Al verde, coi calamari o le seppie, con le patate alla maggiorana, con l’agnello, infarciti (vedi il Ratto)… Infinite sono le ricette con cui la Liguria assapora questo straordinario dono della natura * , derivato dal cardo selvatico, il cui principio attivo (cinarina) dà benefici epato-diuretici. La parola deriva dall’arabo kharshuf, e persino il poeta cileno Pablo Neruda ha dedicato ai carciofi un’ode entusiastica. S’imposero tuttavia solo nel ‘500, tanto che ancora l’Ariosto li spregiava (“durezza, spine e amaritudine molto più trovi che bontade”).

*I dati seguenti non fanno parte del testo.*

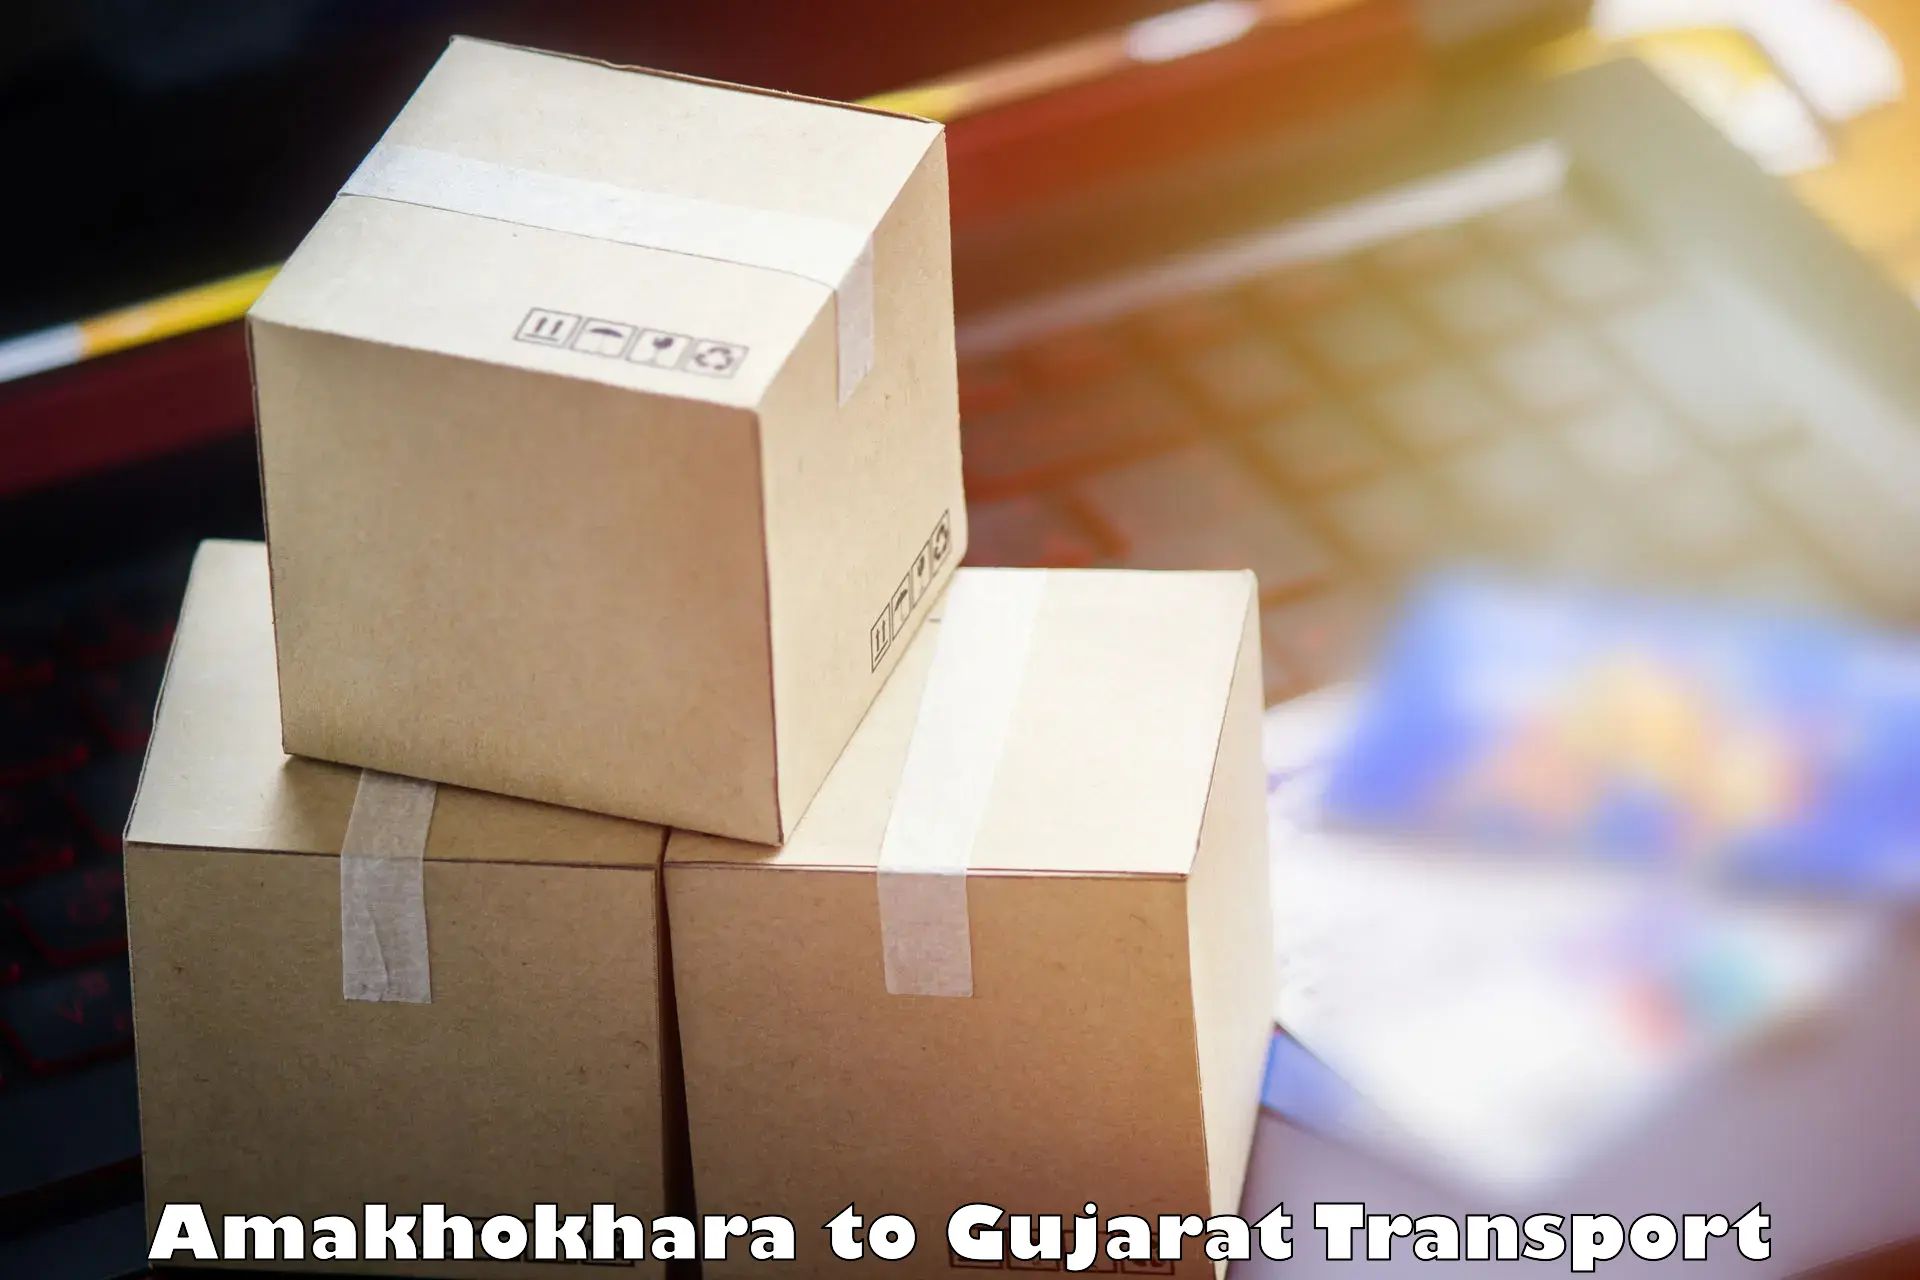 Package delivery services Amakhokhara to Vatadara

Celebri quelli con brattee violette della piana d’Albenga (SV), e di Perinaldo famosa anche per gli ulivi (IM), di Riva Ligure (IM), di Pompeiana (IM), i carciofi liguri furono battezzati nel ‘700 “sucré de Gênes” da August Parmentier, botanico di re Luigi XVI. I “bastardi” sono quelli di fine stagione, che non maturano e vanno sott’olio (sono venduti a buon prezzo già puliti e pronti). Se li conservi – preparazione assai semplice ** – , usa vasi piccoli, perché una volta aperti devi finire presto tutto il contenuto. L’abbinamento coi vini è sempre temerario, la fricassea con agnello può al limite consentire i Dolceacqua o i Rossese d’Albenga…

* vedi già G. V. Soderini, Della cultura degli orti e giardini, secolo XVI, Milano 1851, ma crudi la mattina con pane e sale accadeva a Venezia, lo narra A. Gallo, Le vinti giornate dell’agricoltura, 1550, edito a Venezia nel 1674

** privali delle foglie esterne, cimali, tagliali in mezzo, e dopo averli bolliti in acqua e aromi ricoprili del liquido di conservazione. Fai attenzione ovviamente all’insidia del botulino!